DAILY PROMPT – “BRICK”
So here I am. In my little country idyll after escaping the Smoke and all it’s stresses, worries and concerns. Plus my notoriety as the local BPD nutter in some circles.
I am, to all intents and purposes, safe. People are for the most part friendly, normal, and no one knows my dark secret.
Or do they?
Very little happens around here and I now know that any newcomers are the talk of the village when they first move in, and a great source of curiosity. At least 3 pensioners knocked on my door within 72 hours of my arrival, scaring the shit out of my already traumatised cats (I’ve dubbed them the White Watchers – the pensioners, not the cats), and like their namesake’s, they don’t wait to be invited in. I know I’m sounding very ‘London’ here (i.e. snotty), but I was in the Capital on and off for over 20 years, so I’m used to people that either mind their own business and/or don’t give a fuck about your shit, so the need for privacy is a hard thing to break, especially when you have stuff to hide.
Indeed one of these ladies wandered up to my desk and craned her neck to have a good old look at the paperwork strewn across it (some of which just happened to be from the NHS – great…), so I’ve taken to ducking every time I see a greying mop pass by the window and have nightmares about my secret being out, and a gang of them heading up my path with a Wicker Man on bonfire night, so my determination to be more sociable in order to appear ‘normal’ was challenged within a very short period indeed.
Also, I’m still something of a hermit, and despite the one neighbour I’ve befriended urging me to get out and about more in the community, I still find small talk deeply boring and energy sapping especially when everyone is so damned, well, normal…I miss my London freaks, I mean, friends.

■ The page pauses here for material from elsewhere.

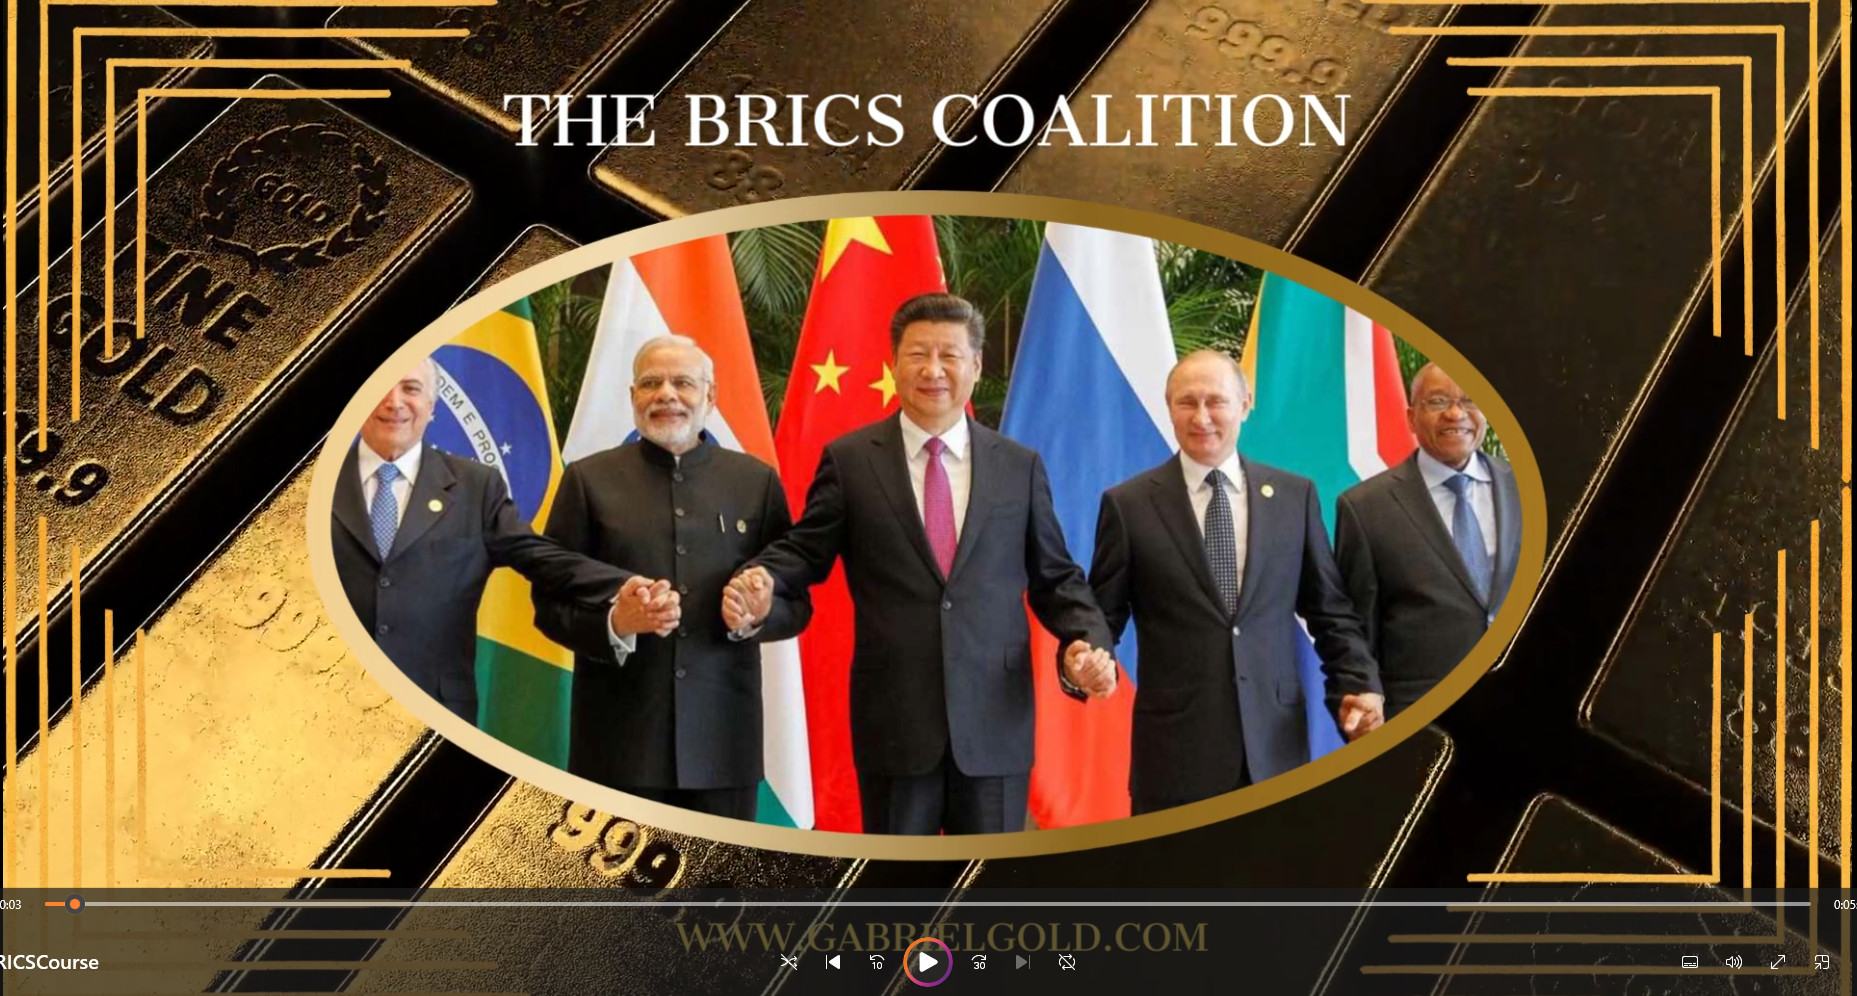 The BRICS Coalition

So like the song goes, ‘Everywhere you go, you always take the weather with you’. I’m still me, I haven’t been cured overnight from moving north of Watford Gap, and, of course, my old worries have been replaced by new ones. And some old ones came back. And on those dark nights and days of the soul, I still hibernate, only now, it’s more noticeable because the people around me have fuck all else to notice or talk about.
It could all be my imagination of course as I was off my meds at the time…
Plus, my property is so exposed. People can see in, which I’m not feeling, so I’m pricing up garden walls, blinds, gates and electric fences (just joking about the last one – I think) as we speak, which will only enhance my reputation as a cold ass London biatch even more.
Cos these people may be ever so nice, but all in all, they’re just a-nother brick in my wall.
Because, try as I might to leave it, that thing was never going to stay in south London.
Cos it’s with me. Wherever I go.
But it’s meant to be a new start?
Perhaps I’ll replace the wall and fences with trellis and blinds which will let the light it. Oh and maybe take the barbed wire off back order.